元应虽大不了濯缨多少,却总爱摆长兄的架子。
“糟了,竟把自己表哥给忘了,这下不知要挨他多少骂。”窈窈悻悻地想。
衢月缓缓转过身,朝元应笑道“实在是抱歉,误了你们兄妹二人的约,不过你先离开也无妨,吾送窈窈回家便是了。”
元应看到衢月的脸,一时竟慌了神,双手合于前,匆忙道:“在下徐元应见过三皇子殿下。”
“这三皇子是何时改名的……”未等濯缨说完,元应便按着她的脖子朝衢月行了个大礼。“舍妹有眼不识泰山,还望三皇子见谅。”
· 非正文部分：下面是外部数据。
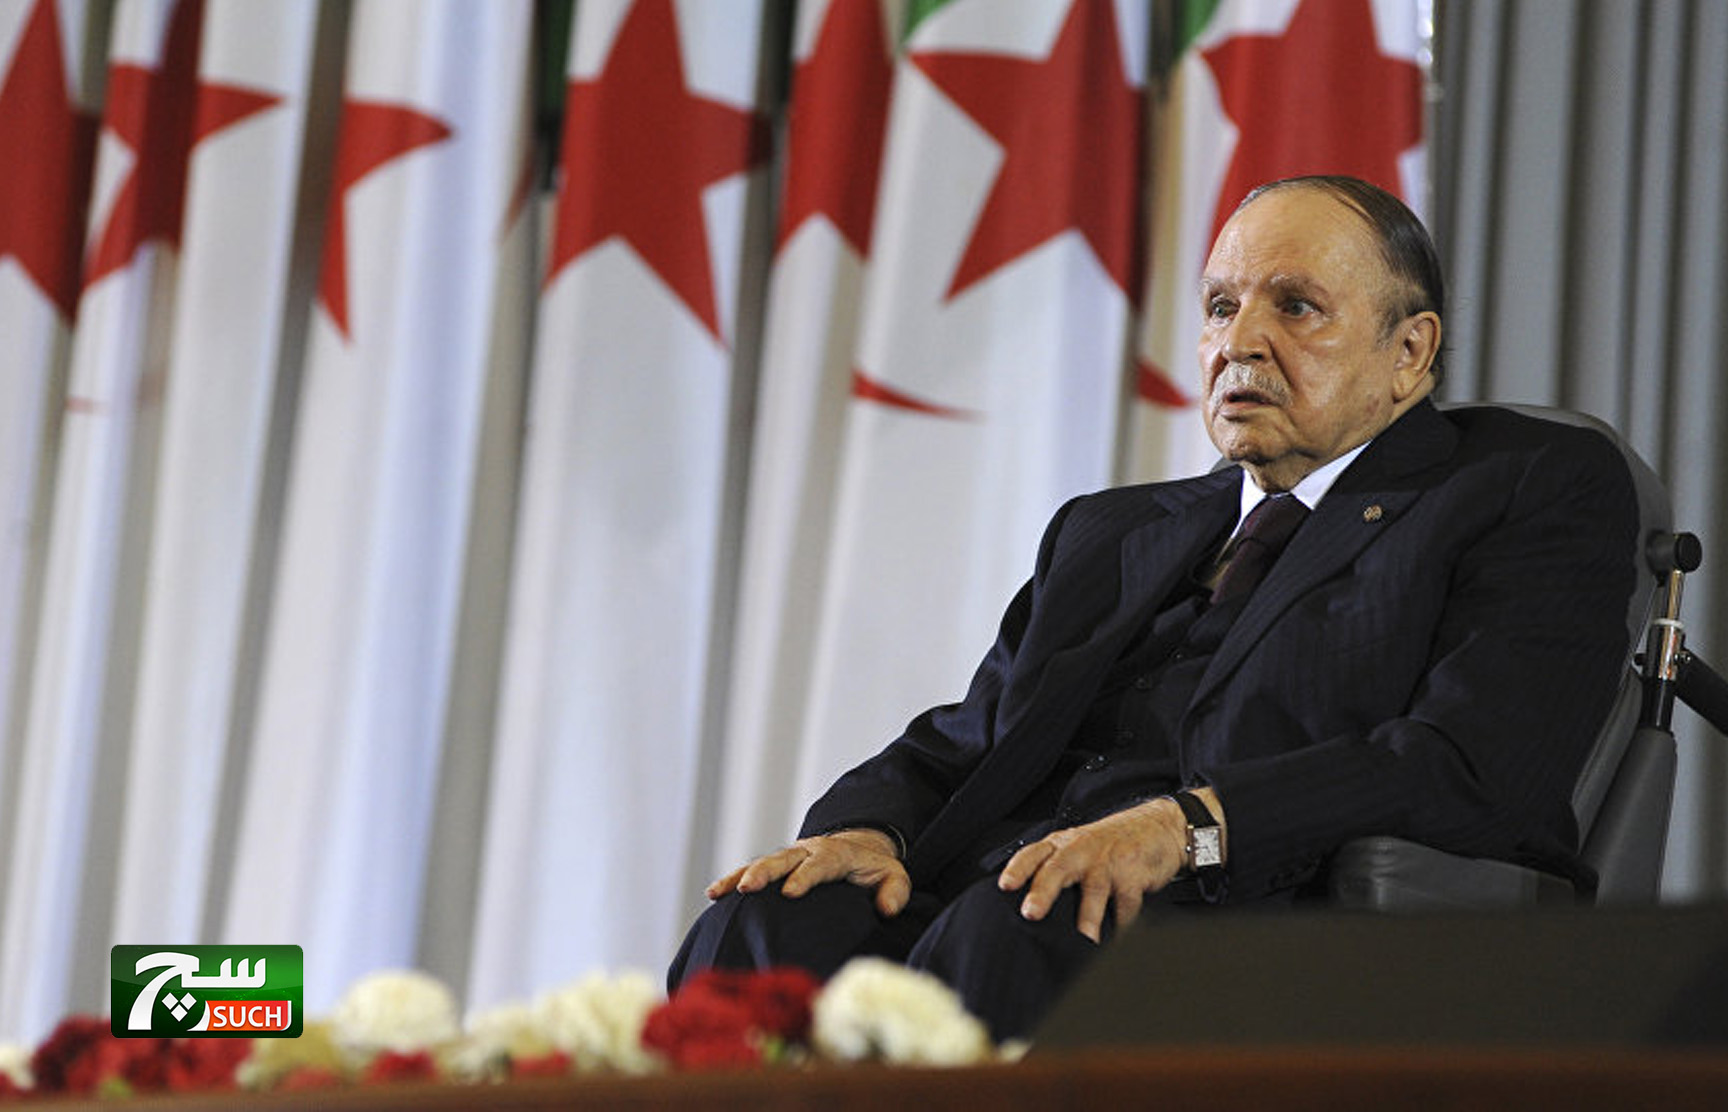 بالفيديو… لحظة تقديم الرئيس الجزائري عبد العزيز بوتفليقة استقالته

衢月轻轻抬手示意徐家兄妹免礼。“无妨,吾方才与令妹聊得甚是投机。重新自我介绍一下,在下名隐,字衢月,徐娘子唤在下衢月就是了。”
濯缨羞愧道“小女子有眼不识泰山,不仅失了礼数,还冲撞了三皇子,还请您多多海涵。小女子既已找到了家兄,就先告退了。”说罢,她向程隐胡乱地躬了躬身,便拉着徐元应匆匆离开了。元应慌乱之中,还不忘朝着三皇子的方向再行了一次作揖礼。
程隐望着兄妹二人的背影出了神,又突然惊醒似的笑着摇摇头。
“三皇子,西河王妃派老奴来请您小叙家常。”王府管家不知何时出现在他身后。
程隐便随着管家一道去了。
“衢月,今日的游园会可是为你而办,不知你是否相中了心仪的姑娘。”金丝檀木椅子上的妇人和颜悦色地问到。
西苑王妃是程隐母妃的亲妹,自然也免不了为他的终身大事操心。
“倒是有些收获。”程隐露出腼腆的笑。
“哦?那我就要好奇是哪家的女公子能让我眼光如此之高的外甥为之动容了。”
“她姓徐,名濯缨,应是徐将军的独女。只是她不喜游园,还要麻烦姨母尽心安排了。”说罢,程隐朝西苑王位行了一礼。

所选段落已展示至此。